Suppose that we have a source that is generating one random value per, say, minute. So we have random value $x_1$ in $1$st minute, $x_2$ in $2$nd minute, $\ldots$, $x_n$ in the $n$th minute, and so forth.

The distribution of values $x_1, x_2, \ldots$ is not entirely uniform random, but follows the following rule: for any $i \ge 1$, $x_i = (y_i, y_{i+1})$, where, $y_i$ is the unique identifier of $x_i$, and $y_{i+1}$ is the unique identifier of upcoming $x_{i+1}$ that going to arrive at the next minute.
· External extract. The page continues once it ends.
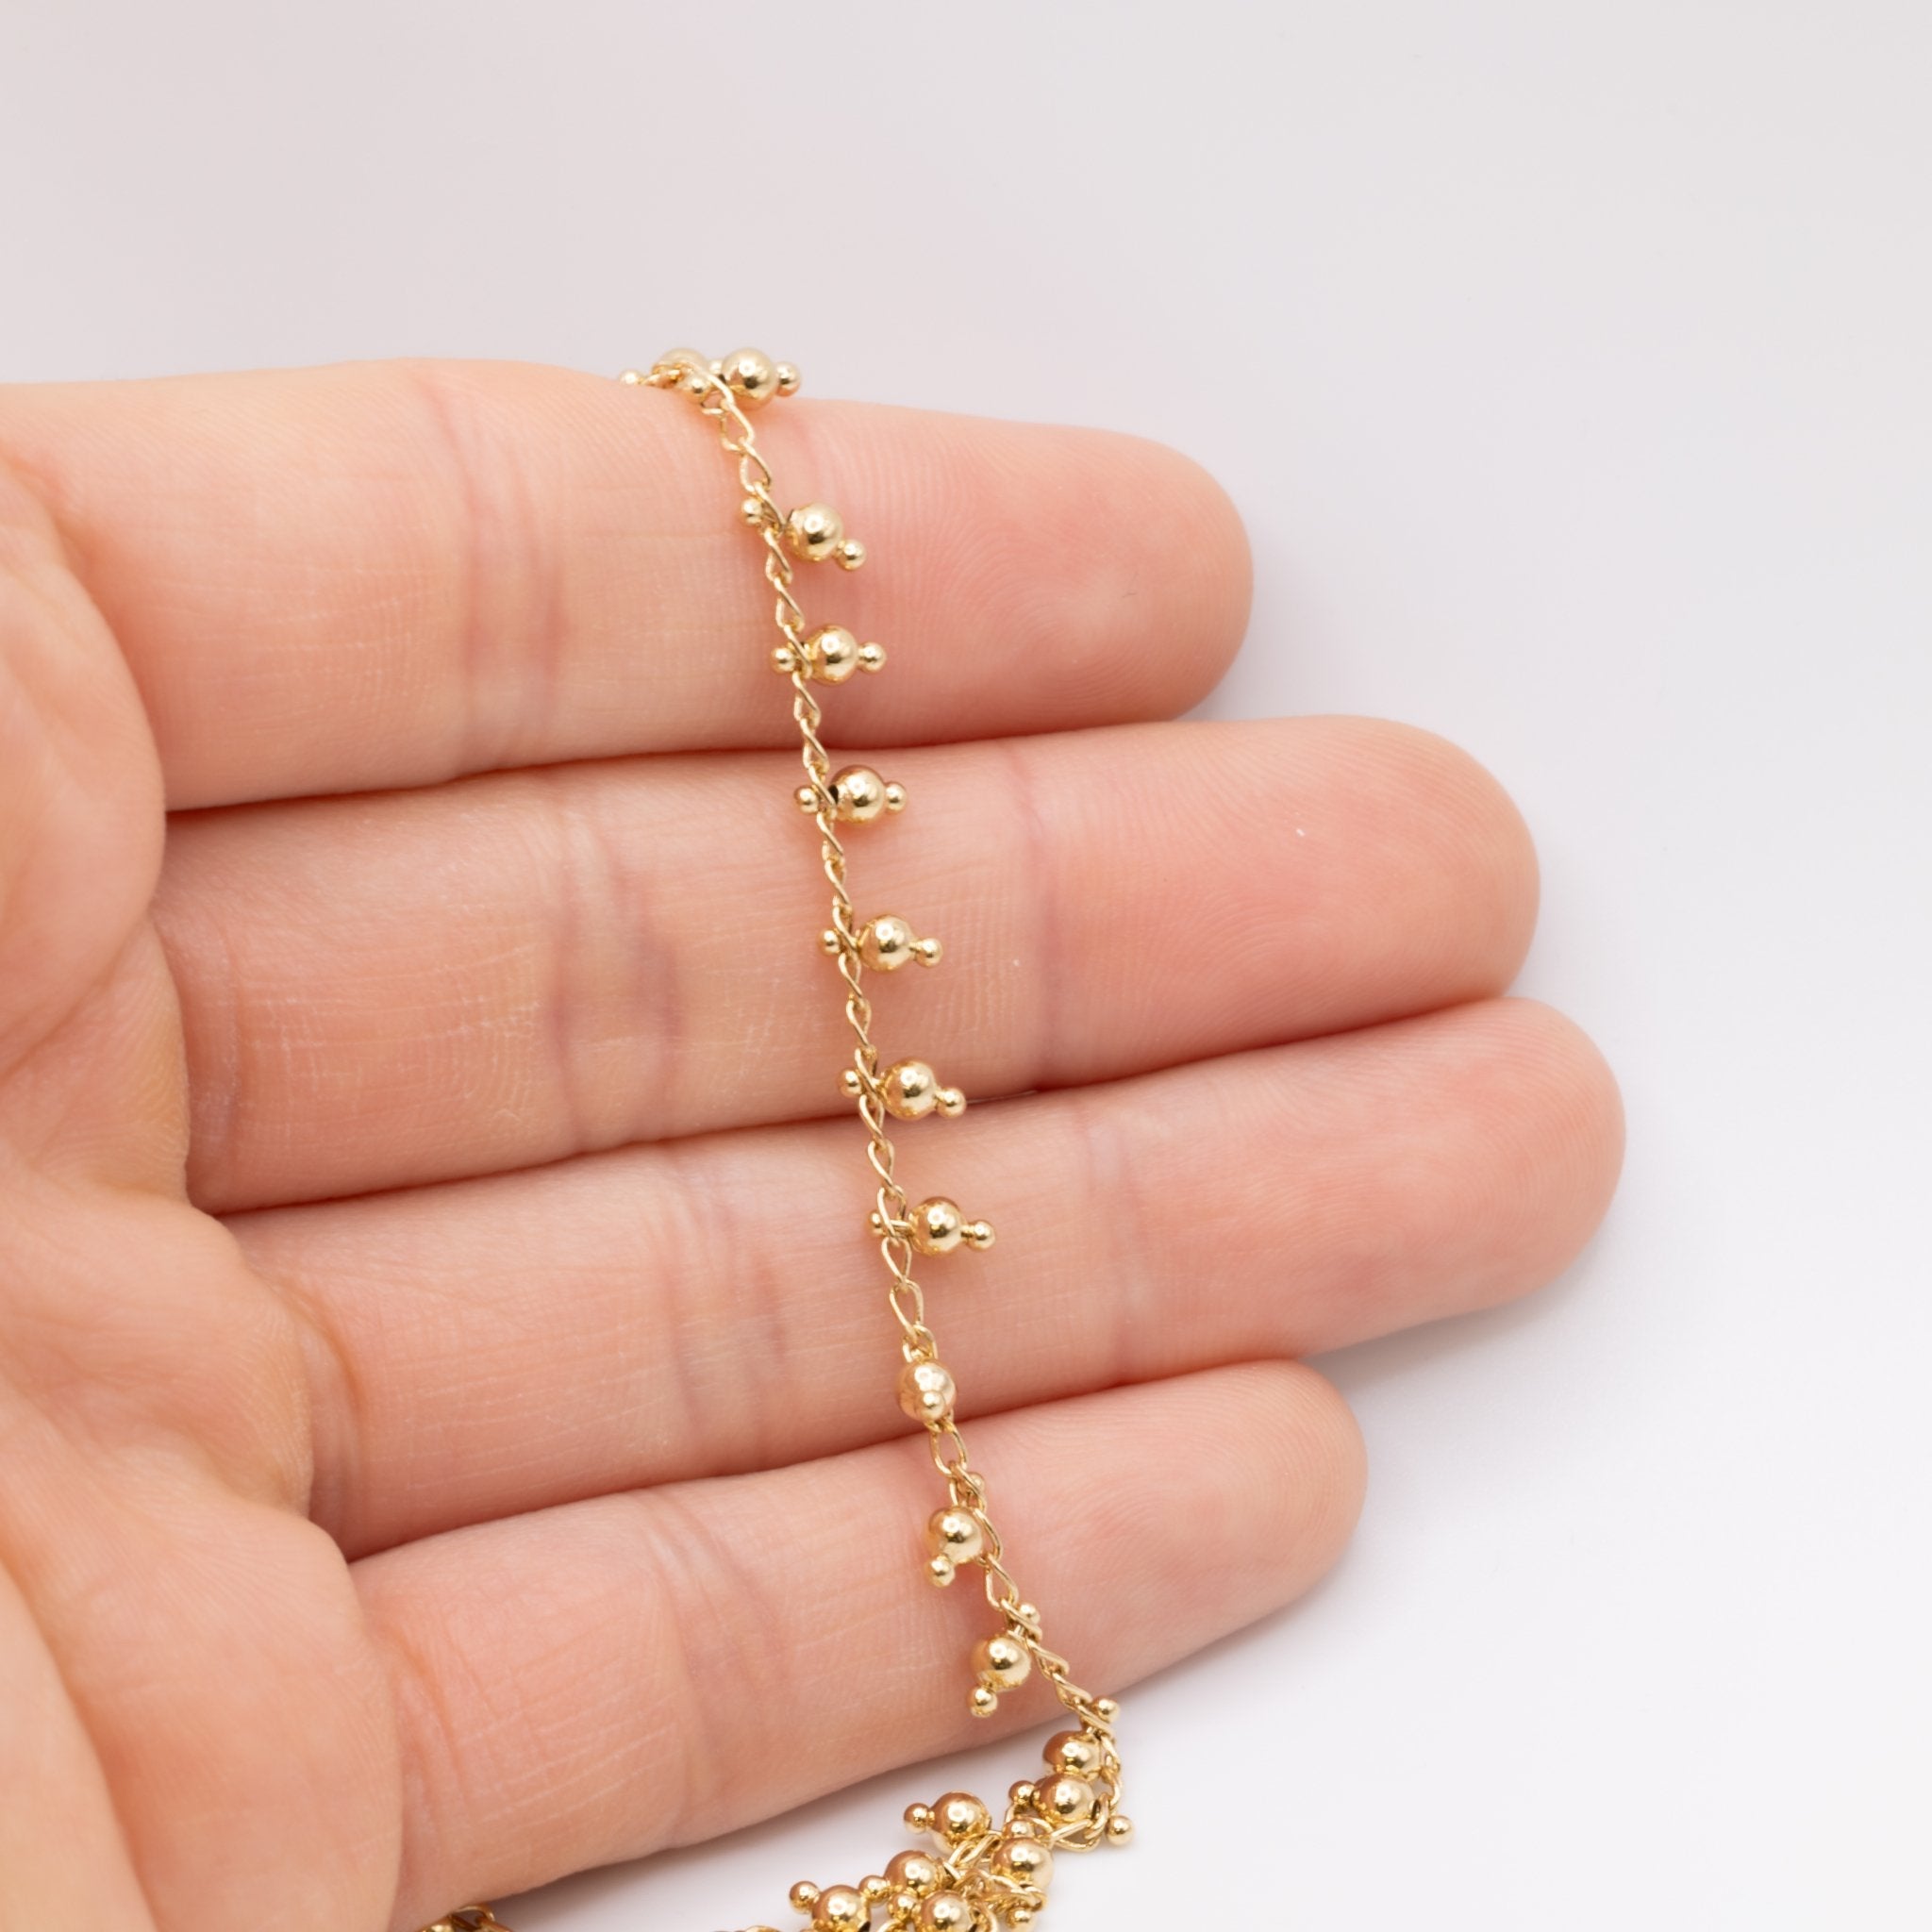 Jessica Bead Dew Drop Chain, 14K Gold Overlay Plating, Wholesale Jewelry Chain - HarperCrown

In other words, at any given $i$th minute, the current $x_i$, and the next $x_{i+}$ are known, but the one after $x_{i+2}$ is absolutely unknown, or random. Below is an example:

Minute 1:  x_1 = (334234   , 234829129   )
Minute 2:  x_2 = (234829129, 983220      )
Minute 3:  x_3 = (983220   , 831231236347)
...
Minute n:  x_n = (643532754, 3534611     )

One way to hash those $n$ values, in order, is to hash each value as it arrives, e.g. $h_1 = f(x_1)$, then chain it with the next newly arriving one, e.g. $h_2 = f(x_2 \parallel h_1)$.

In other words, the hash of the ordered list of input, in the $n$th minute is defined recursively as $h_n = f(x_n \parallel h_{n-1})$, with the base case being $h_1 = f(x_1)$.

The advantage of this approach is that, for somehow who is running this process from the beginning, at every minute, both the run-time and space-time are in $O(1)$, as he can cache the hash from the previous minute.

The disadvantage of this approach is that, for someone that was not following the process, and wishes to verify if $h_n$ is indeed the hash of the entire sequence, he will have to start over from the beginning with $h_1$, and repeat the entire chain all the way until $h_n$. Effectively, this verification process will take $O(n)$ space and $O(n)$ time.

2. Wormhole

It would be nice if it is possible that, at every $n$ many hashed chains, we can discover a wormhole $w_n$ that has the following properties:

  • Once the $n$th hash, $h_n$, is legitimately calculated off $h_1$ by following the full recursion earlier, only then the wormhole $w_n$ becomes discovered. Otherwise, finding $w_n$ is practically impossible.
  • For a given $h'_n$ hash that is claimed to be $h_n$, the wormhole can shortcut the verification as follows:

$$ w_n(h_1, h'_n) = \begin{cases} 1 & \text{if $h'_n = h_n$}\\ 0 & \text{else}\\ \end{cases} $$

  • The asymptotic worst run-time as well as the asymptotic worst space for computing $w_n(h_1, h'_n)$ is not worse than $O(\log n)$. If it's possible to make it in $O(1)$, that's be even better of course.

Note. This is different than the pre-image attack of hashing functions. The difference being as follows:

  • Pre-image attacks allow the attacker to forge an arbitrary input that gives some desired target hash.

  • This wormhole $w_n$ does not allow forging any arbitrary input, but rather reveals a hidden shortcut path that works only for linking a specific input that allows to link $h_n$ back to $h_1$, and that the only way to discover such wormhole is by legitimately calculating $h_n$ first.

  • Maybe we can call such a wormhole to be a conditional pre-image attack that does not benefit the adversary.

3. Question

Are such verification wormholes known, or even possible?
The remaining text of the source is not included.